Business / Policy Watch

Policy banks start major reform effort

By CHEN JIA (China Daily) Updated: 2015-04-13 07:42

Policy banks start major reform effort

A man passes by an advertisement of the Export-Import Bank of China on Nov 4, 2014. [Photo / IC]

Capital adequacy requirement to be set higher than global standard, reducing risk

China's three major policy banks officially began a massive reform process on Sunday to diversify financial services in support of economic growth.

The reforms include redefining functions and tightening capital adequacy requirements.

Reform plans of the China Development Bank, Export-Import Bank of China and the Agricultural Development Bank of China have been approved by the State Council, the country's cabinet, according to an official statement published online.

After the reforms are in place, the floor for the three banks' capital adequacy will be 10.5 percent, more than the 8 percent required by Basel III, a global, voluntary regulatory framework on bank capital adequacy, an official from the People's Bank of China said, asking not to be named.

In the past, there was no requirement on the policy banks' capital adequacy ratio, making it difficult to supervise credit risks, the official said.

"The whole reform process will be accelerated, and it will be completed soon," he said.

The CDB, the country's second-largest bond issuer after the Ministry of Finance, will be transformed into a "development-oriented financial institution" and will restructure its management policy more toward a market-led pattern, the online statement said.

That means the bank's loans will continue to enjoy a State-backed credit rating, but the bank will retain some rights to choose lending targets and to chase high returns in a competitive environment with other commercial banks.

The financial services arm of CDB will support the nation's development strategy based on a market-oriented approach. Loan principal will be guaranteed, while allowing room for a small profit, according to the statement.

The reform framework was first mentioned by Chen Yuan, founder of CDB and a former governor.

By the end of 2014, the bank's total assets had reached 10.1 trillion yuan ($1.6 trillion), with a nonperforming loan ratio of 0.63 percent. A large part of the CDB's lending is for construction of railways and highways, along with the renovation of shantytowns.
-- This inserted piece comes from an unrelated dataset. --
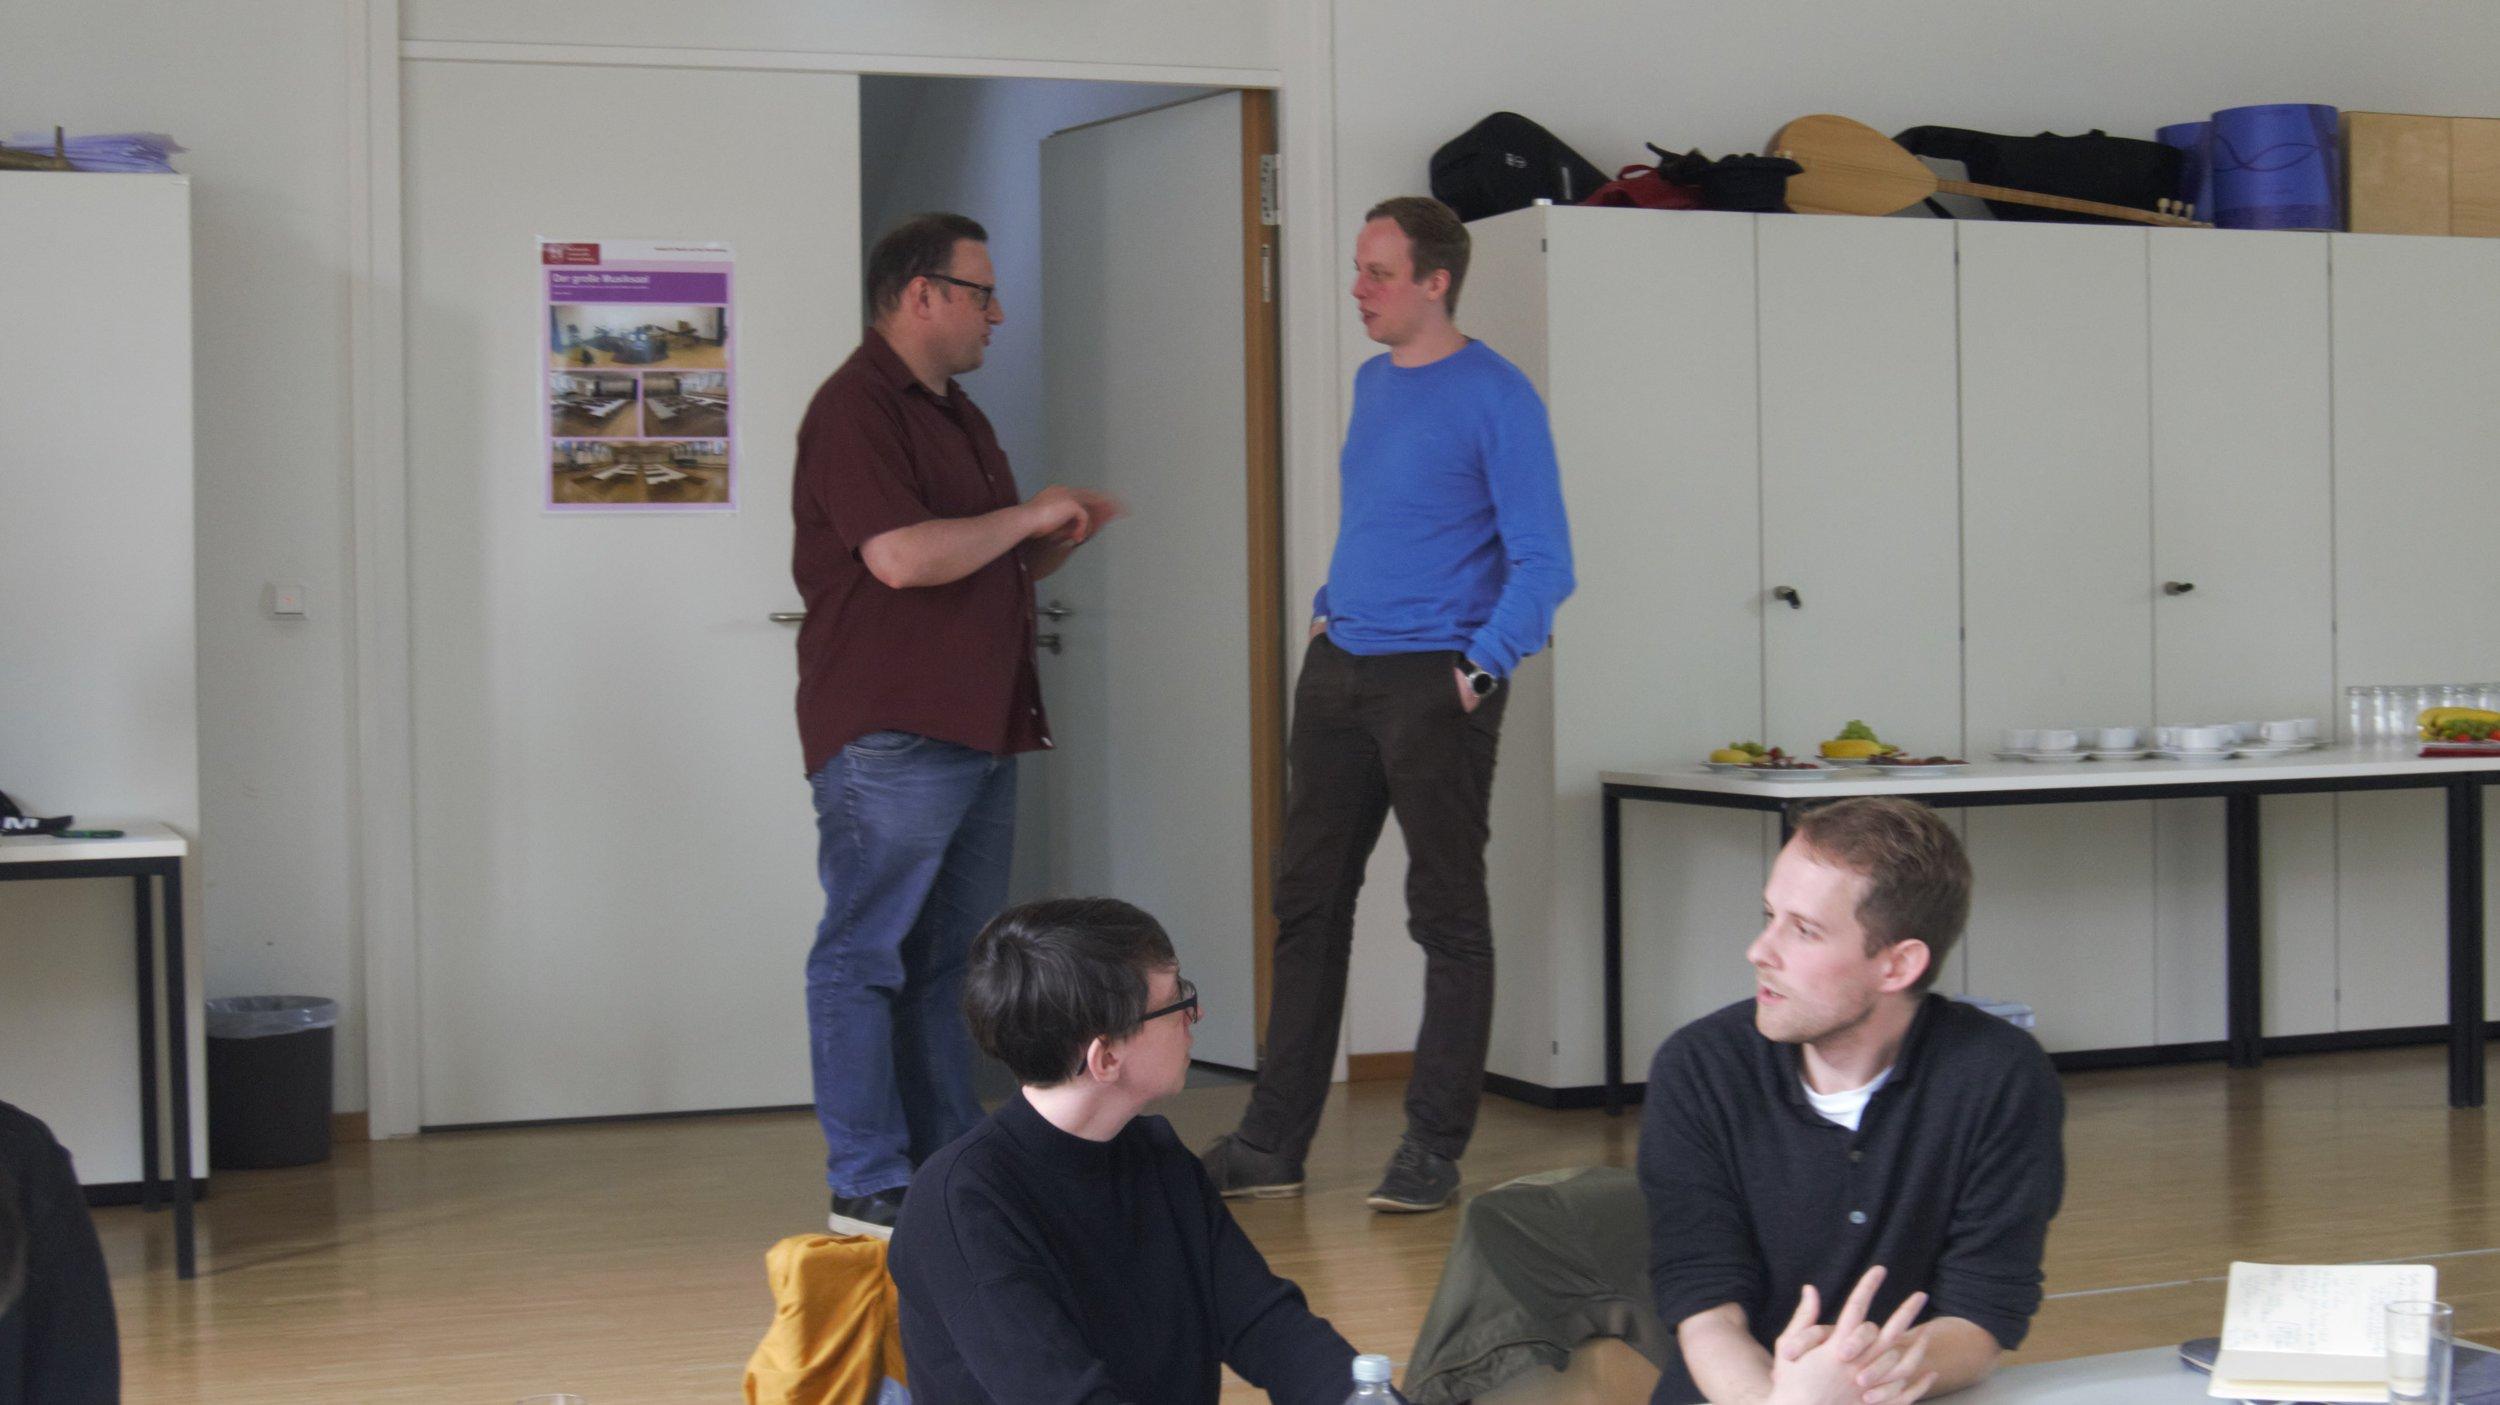 CMP Braunschweig 17.05.2019 - Pausengespräch

The other two banks will remain as noncommercial entities. Ex-Im is responsible for raising funds to support Chinese enterprises' "going out" strategy, and the ADBC provides financial services to major agricultural construction projects, the government statement said.

Those two banks had outstanding loans of more than 5 trillion yuan to support the nation's special projects at the end of last year.

Guo Tianyong, an economist at the School of Finance at Central University of Finance and Economics, said the coming reform is a "breakthrough".

"Clear requirements of capital adequacy will help to control potential credit risks and push the banks to improve their governance," Guo said.

After the reform is in place, funds from those banks will be used more efficiently to support key industries, such as the high-end equipment manufacturing industry, and avoid redundant construction in sectors with overcapacity, he said.

In March, Fitch Ratings Inc, a global credit rating agency, gave the three banks a straight "A+" with a stable outlook, since the credit is guaranteed by the government.

The agency said these banks are playing significant roles in China's economic development. Their profitability and capital level are below other commercial banks, but their liquidity risk is less.